§ Your goal
The answer should hold only the lines from the one containing "TPFNET 0,25m Patchkabel" through the one containing "Sapin de nöel" in the entries below, copied exactly, without pictures.
Input for this task Block Start
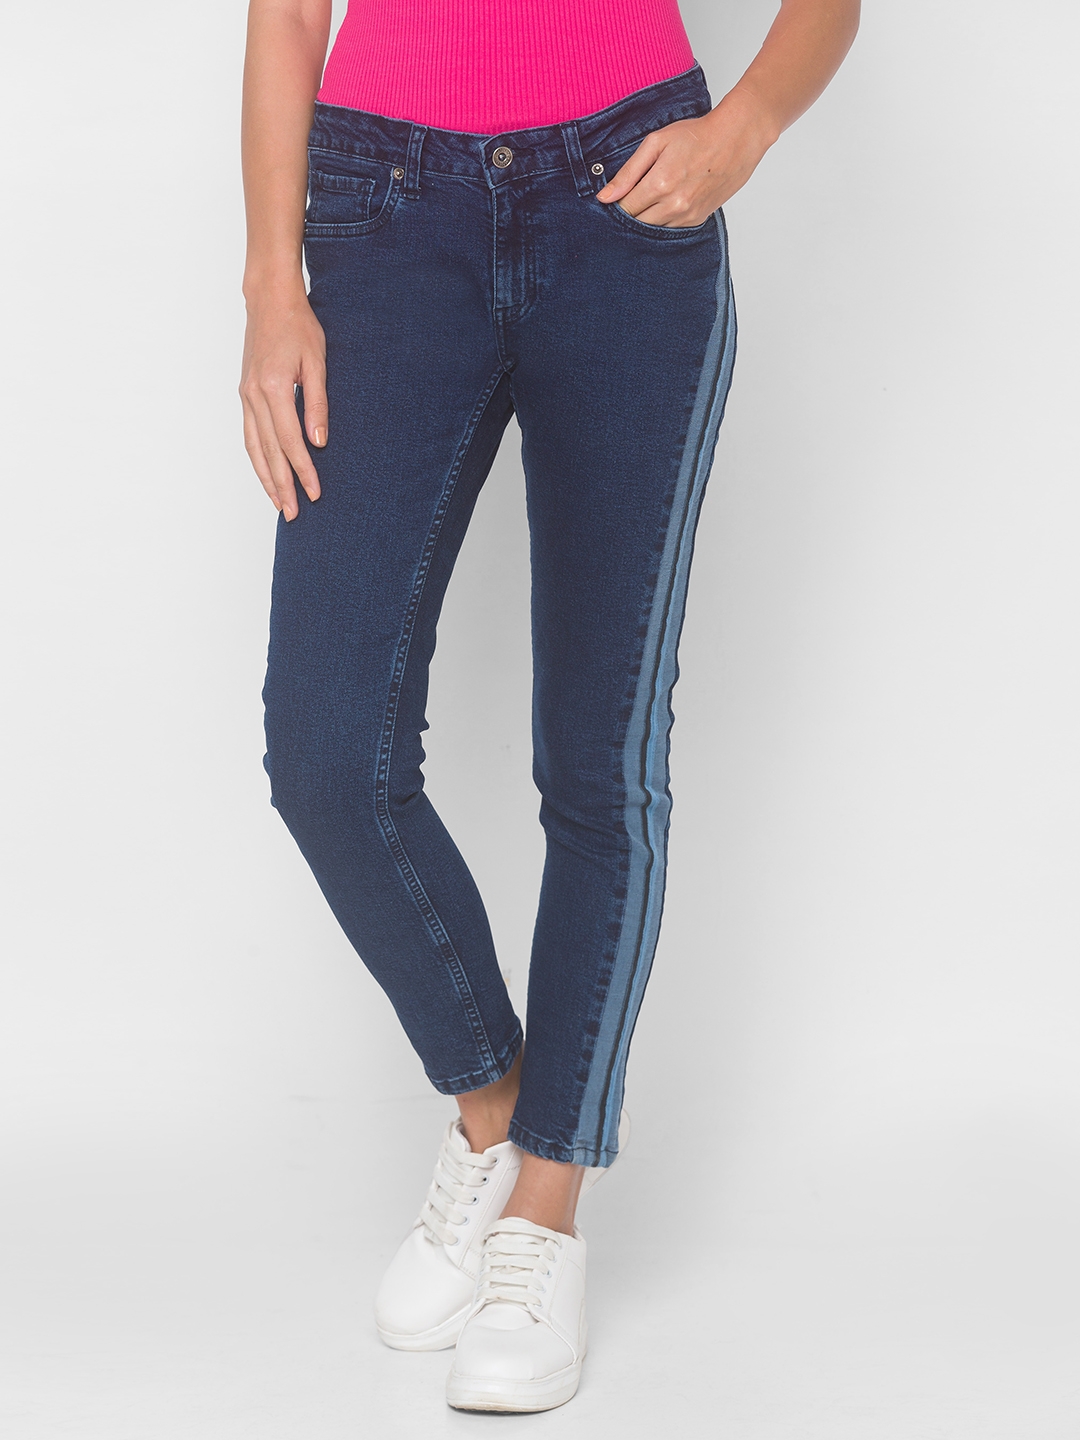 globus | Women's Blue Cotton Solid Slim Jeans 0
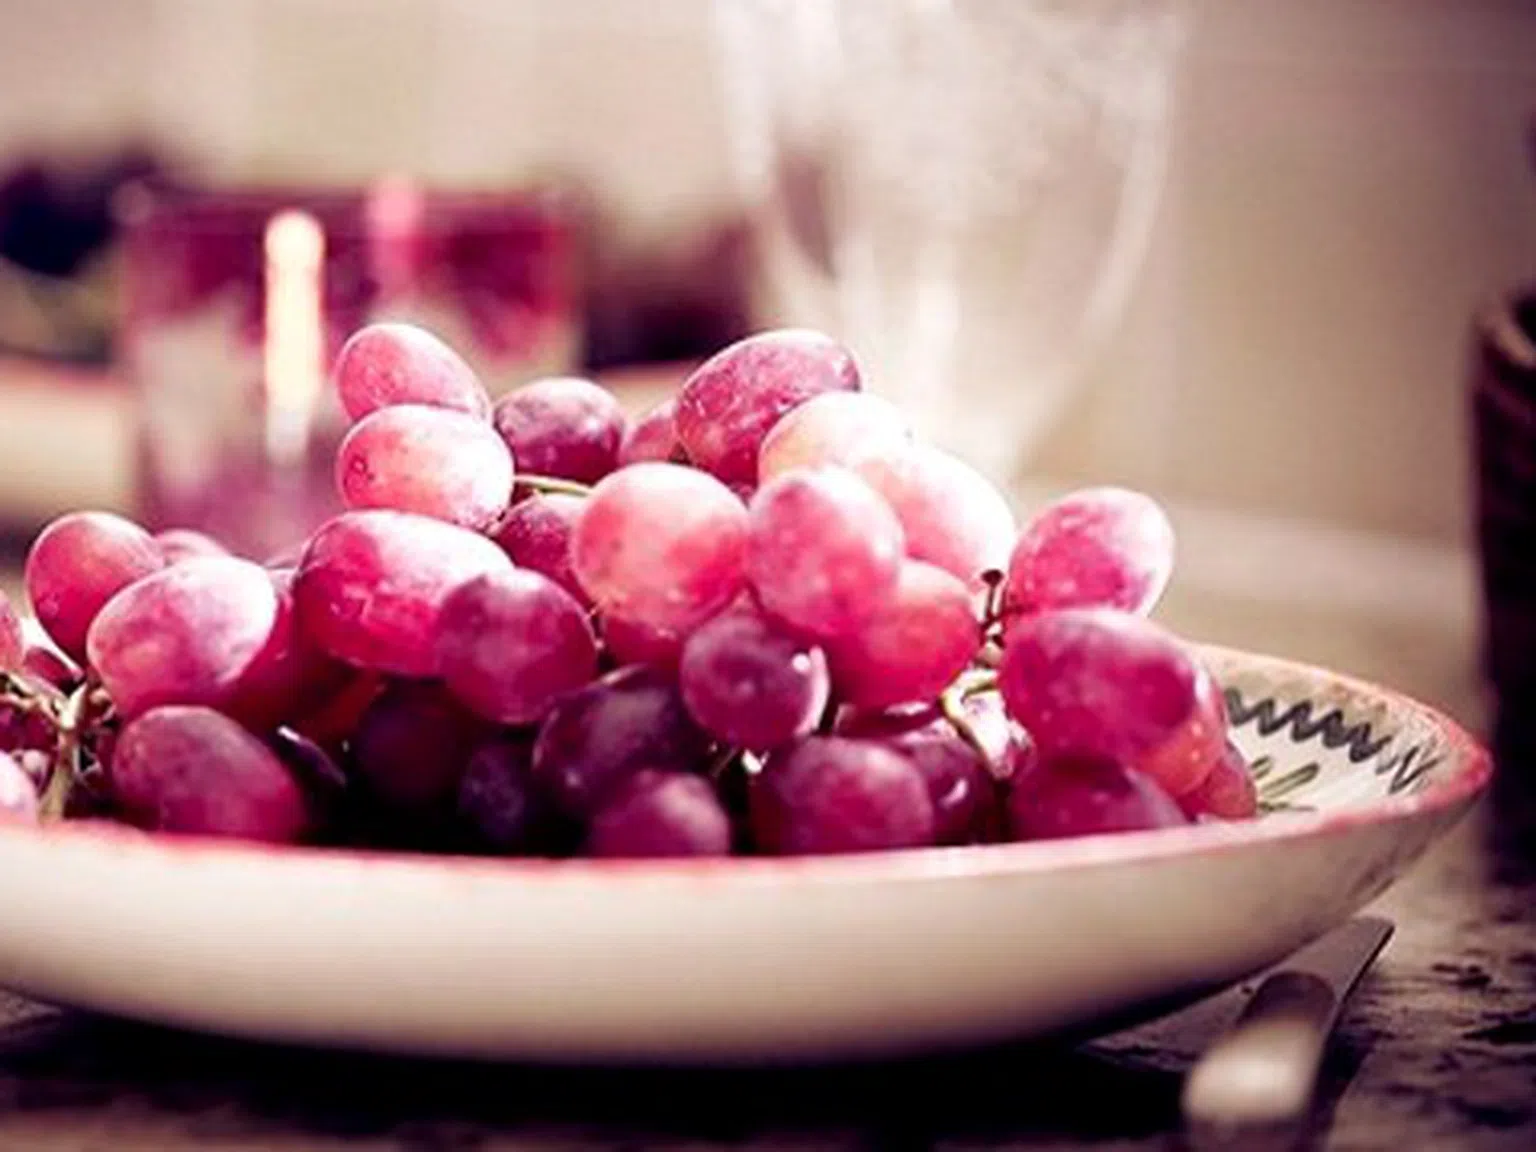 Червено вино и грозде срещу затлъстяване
Input for this task Block End
Input for this task Block Start
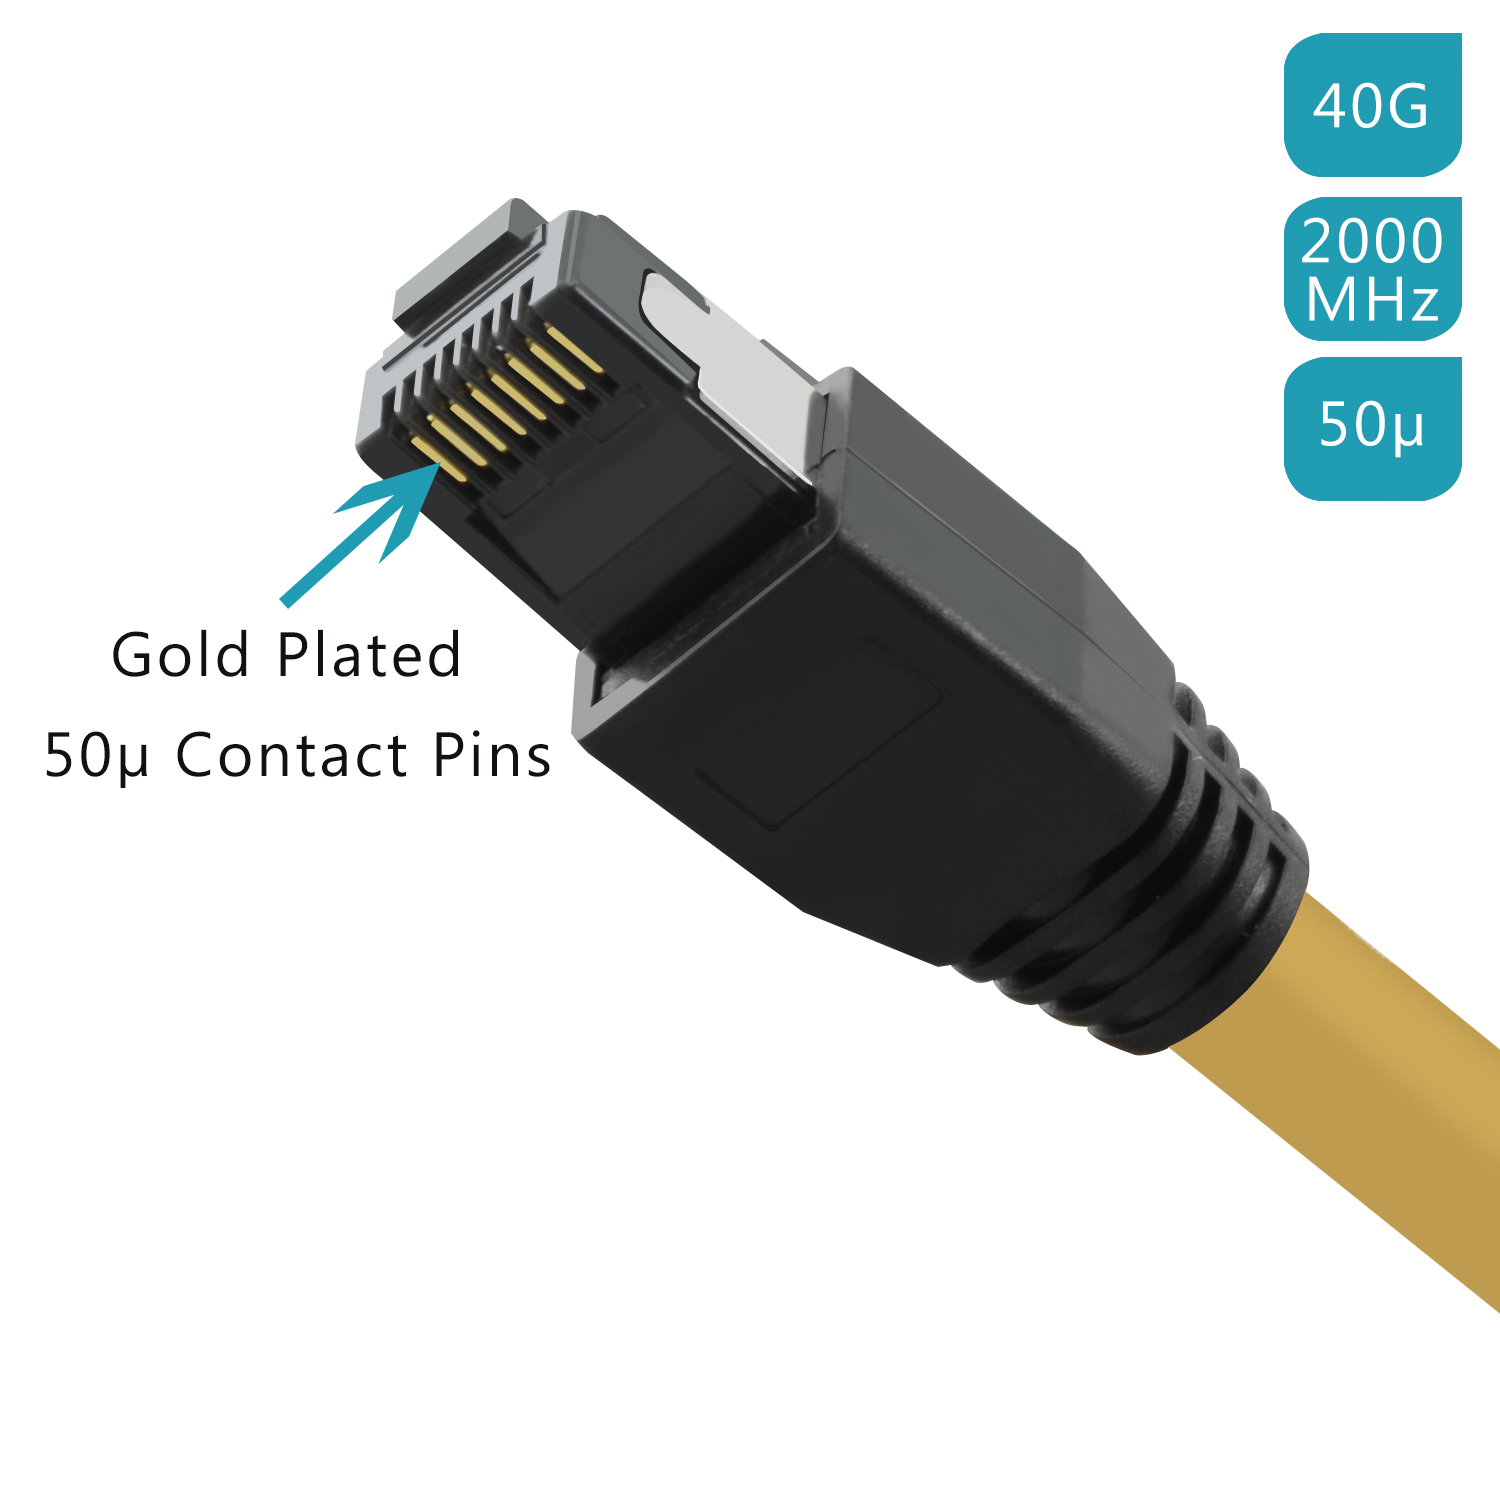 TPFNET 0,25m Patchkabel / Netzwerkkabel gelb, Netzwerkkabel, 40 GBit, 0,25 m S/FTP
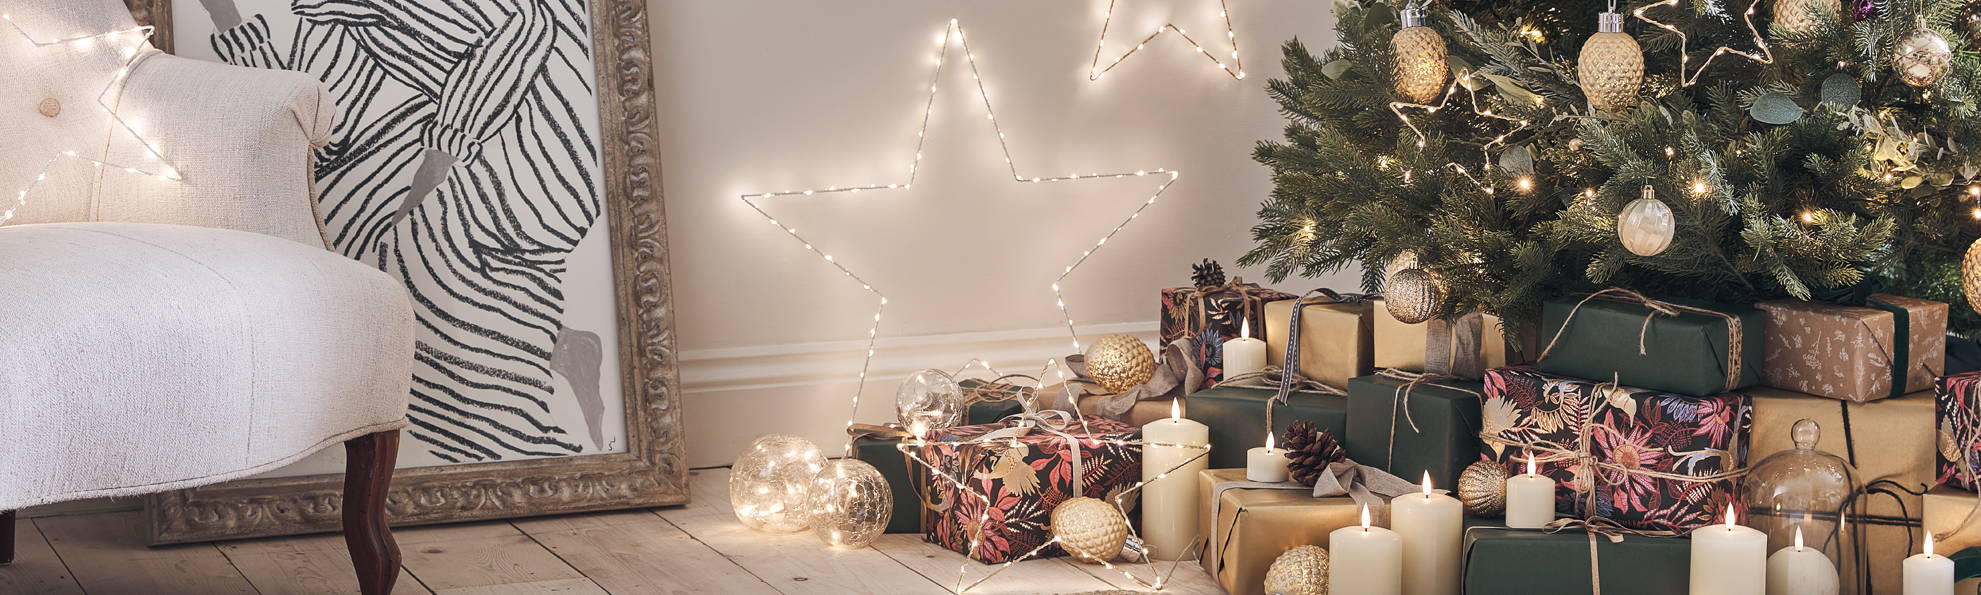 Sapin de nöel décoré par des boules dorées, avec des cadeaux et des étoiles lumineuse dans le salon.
Input for this task Block End
§ Written solution
 TPFNET 0,25m Patchkabel / Netzwerkkabel gelb, Netzwerkkabel, 40 GBit, 0,25 m S/FTP
 Sapin de nöel décoré par des boules dorées, avec des cadeaux et des étoiles lumineuse dans le salon.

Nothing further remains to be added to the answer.